Minutes after the news broke that Scotiabank is buying ING Direct Canada for $3.1 billion, customers of the online bank began to express their dissatisfaction via social media. A number of clients announced their intention to move their money elsewhere on MoneySense’s Facebook page. “Yuck!” wrote Toronto’s Ryan Rocheleau. “I always prided myself on not doing truck or trade with the Big 5.”
Netherlands-based ING Direct shook up the industry when it introduced the first Canadian no-fee high-interest savings account in 1997. The virtual bank later began offering competitive mortgages, but unlike the banks, it posts its real rates online rather than forcing you to haggle at the branch. ING also bested the banks by offering low-fee mutual funds and no-fee chequing accounts that pay interest. In the last 15 years, the virtual bank picked up 1.8 million loyal Canadian customers and prompted the major banks, as well as other players like Ally Bank and CIBC-backed President’s Choice Financial, to offer some similar products.

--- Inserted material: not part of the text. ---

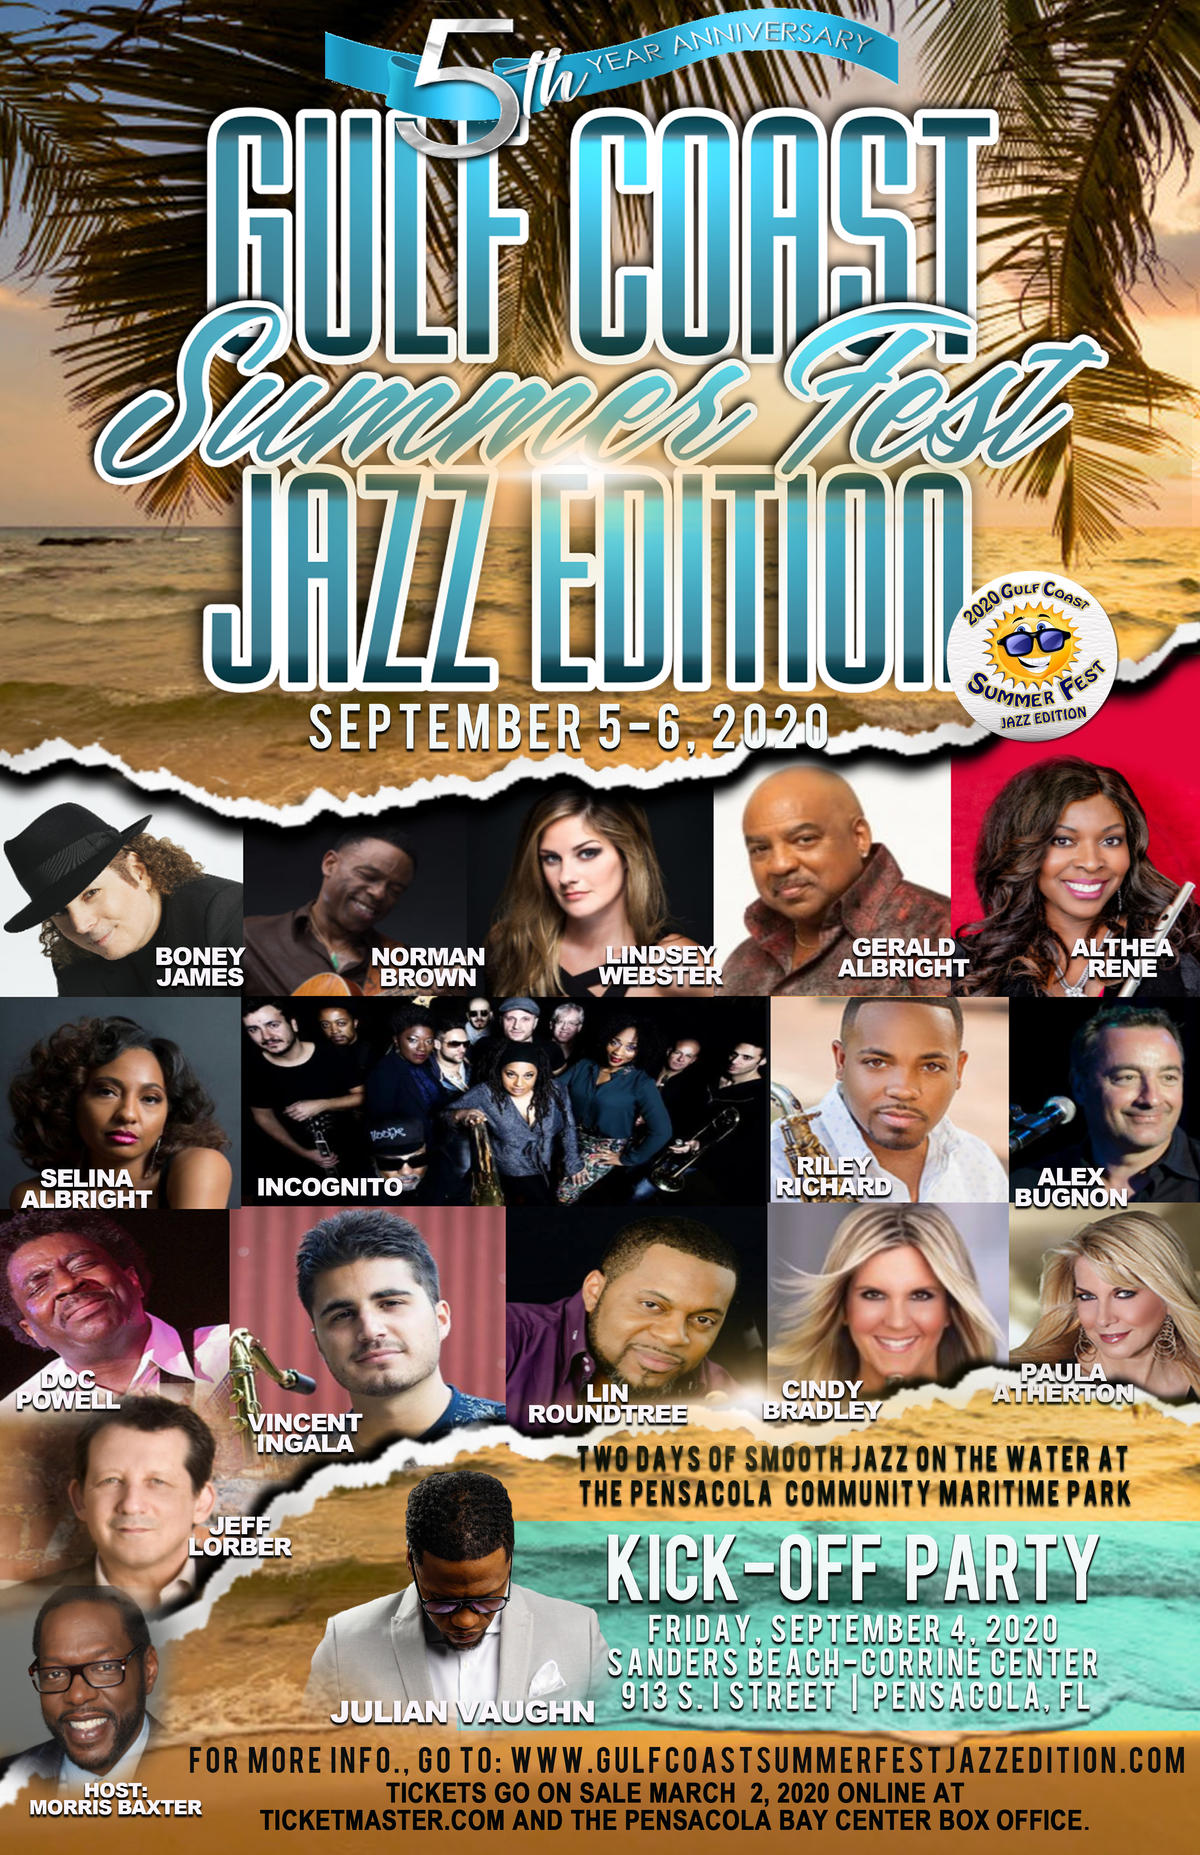 Gulf Coast Summer Fest Jazz Edition Tickets On Sale Beginning March 2

Does the Scotia deal mean ING’s days as a market leader are over? Rotman School of Management professor Laurence Booth thinks so. “ING will not stay the same. In two years’ time, it will be totally integrated into Scotia.” He expects that over time, the new owners will look for efficiencies and eliminate the separate products offered by ING. If the housing market continues to cool, for instance, they’ll probably do away with duplicate mortgage products first, says Booth.
Scotiabank, however, promises ING clients the only thing that will fall by the wayside after the deal closes in December is the virtual bank’s logo. Anatol von Hahn, Scotia’s group head of Canadian banking, says ING’s management will stay on the job and make independent decisions about their products and rates long after the ink dries on the deal. “Scotiabank isn’t coming in to tell them what rates to pay or not pay,” he says.
Rocheleau isn’t convinced, but at the moment doesn’t know where else to park his money. “When credit unions go national and I can find one with no-fee chequing, I am gone.”